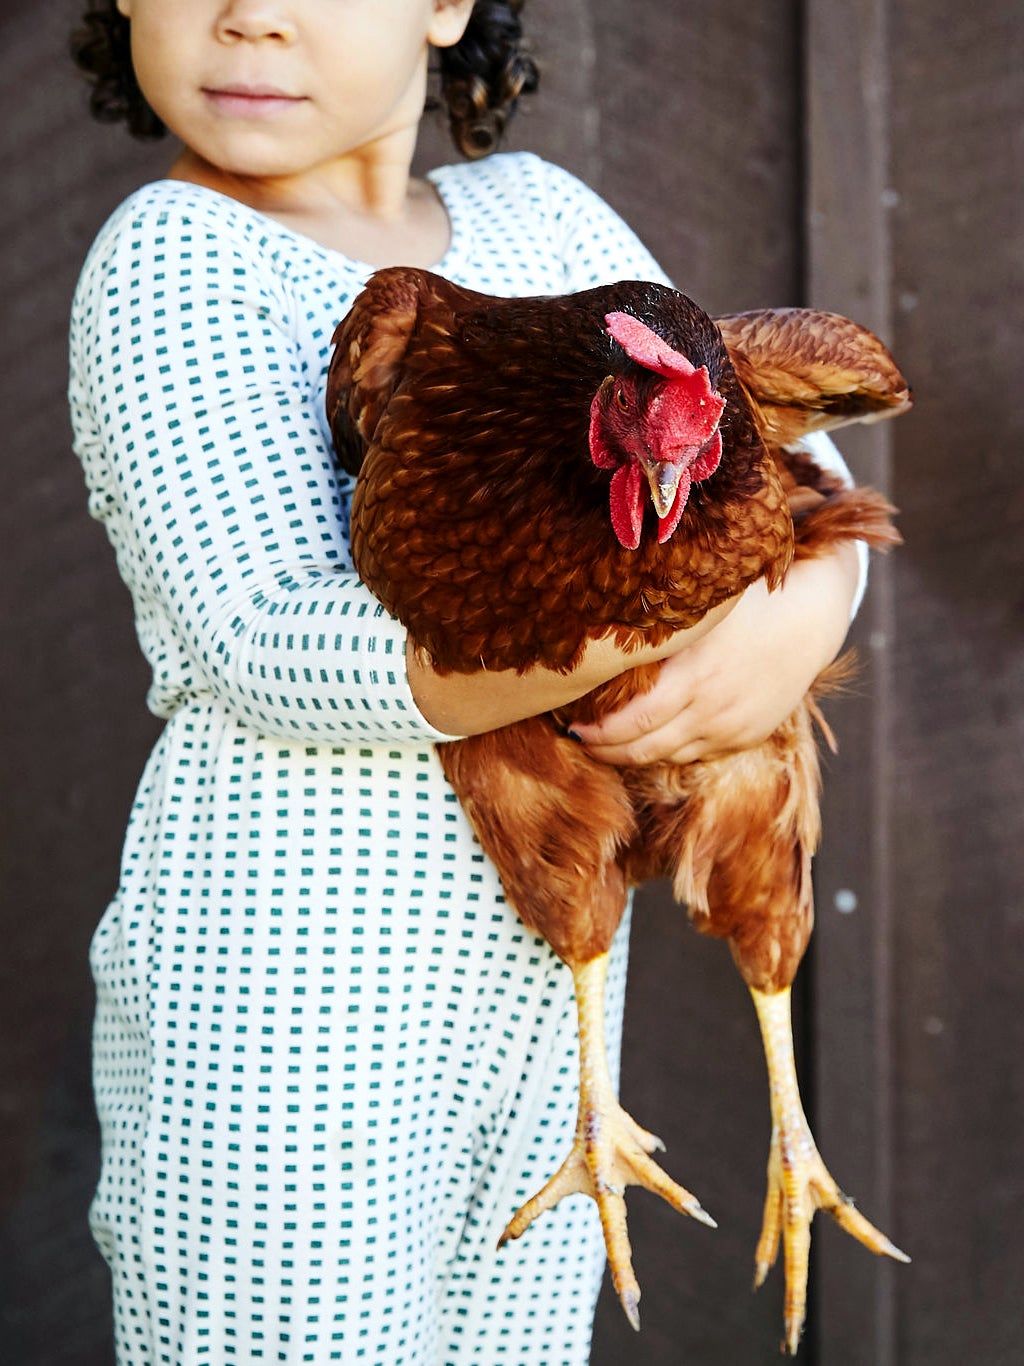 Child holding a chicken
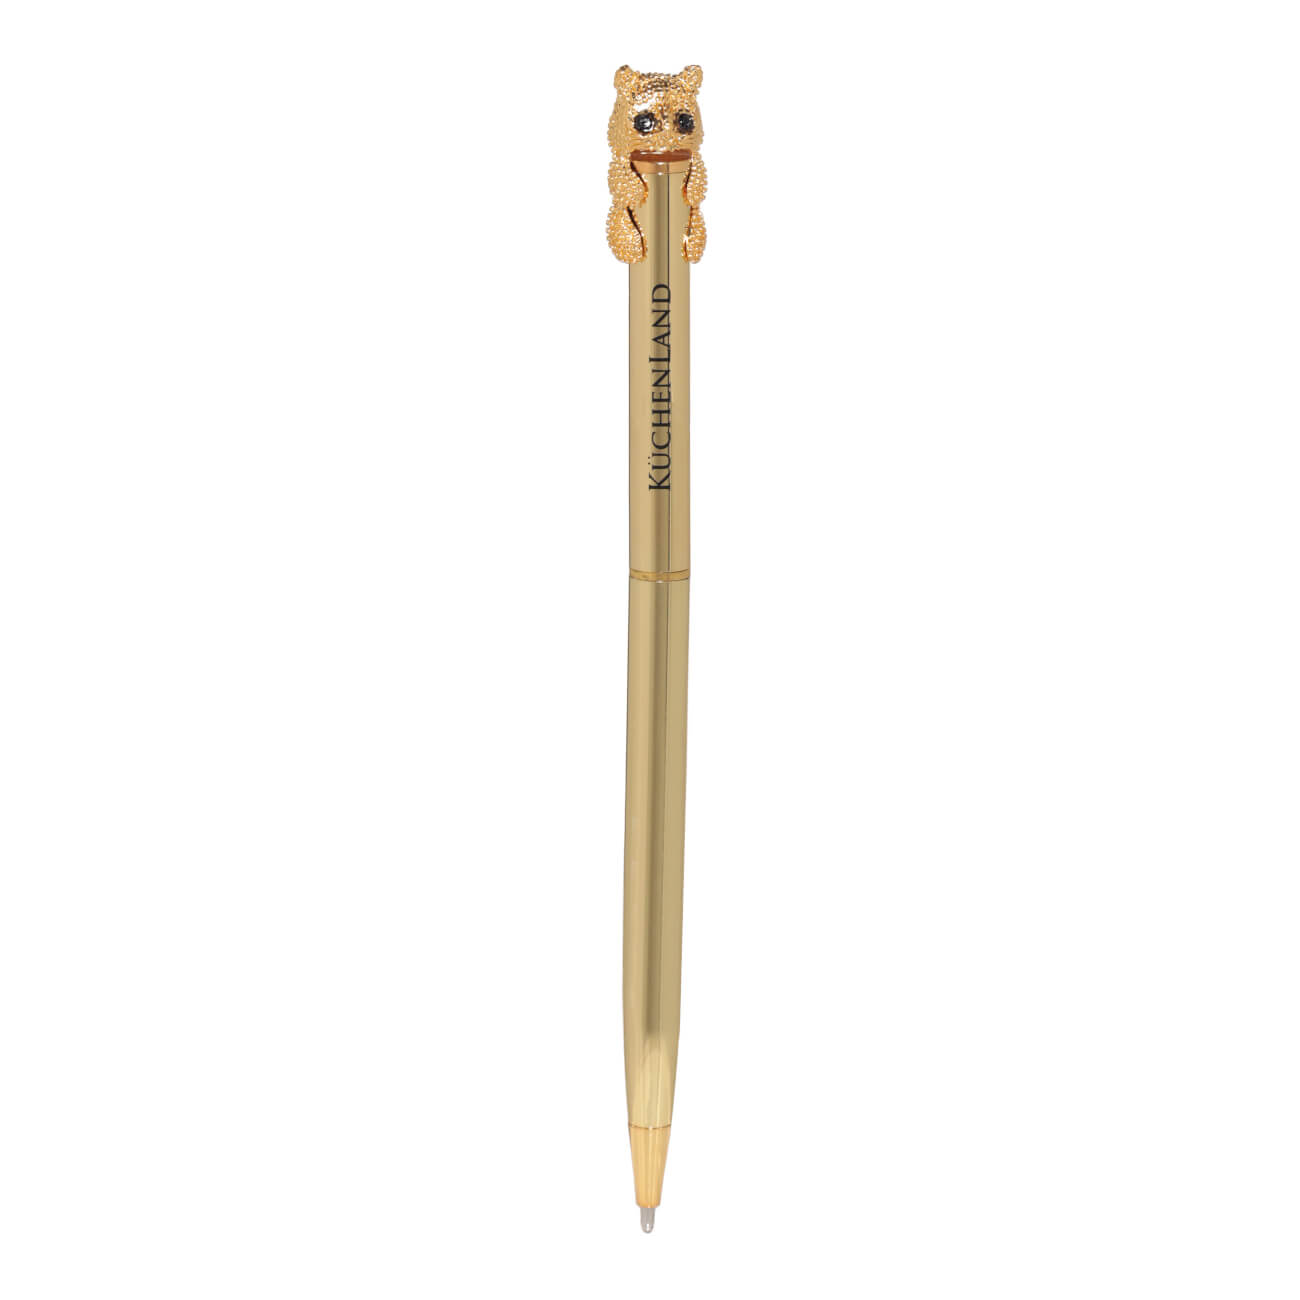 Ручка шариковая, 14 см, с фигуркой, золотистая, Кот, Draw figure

---

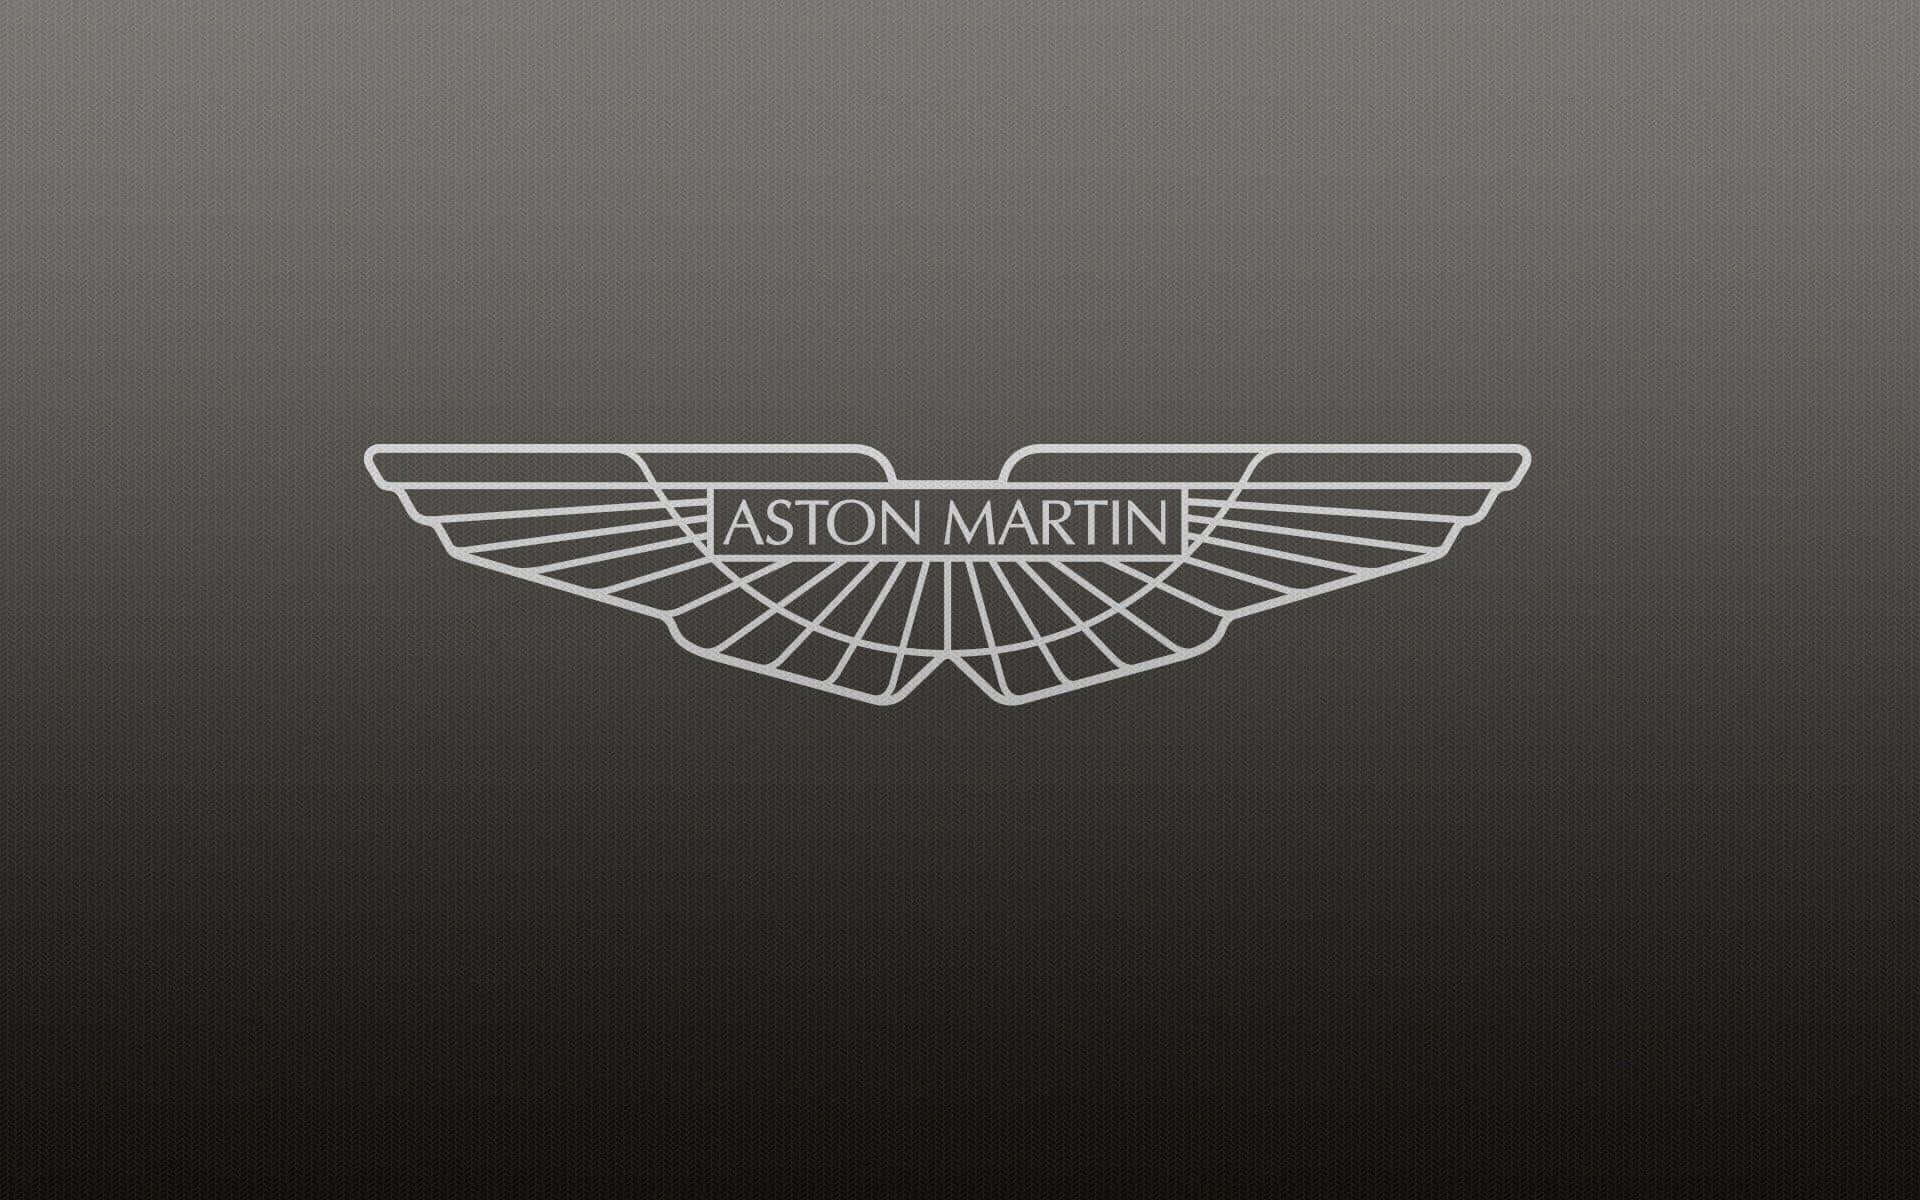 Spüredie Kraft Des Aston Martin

==

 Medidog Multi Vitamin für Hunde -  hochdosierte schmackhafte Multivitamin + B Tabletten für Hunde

--- Directions for this task ---
Reproduce exactly the lines above that run from the one with "Child holding a chicken" to the one with "Ручка шариковая, 14", both included, leaving pictures out.

--- Response to this exercise ---
 Child holding a chicken
 Ручка шариковая, 14 см, с фигуркой, золотистая, Кот, Draw figure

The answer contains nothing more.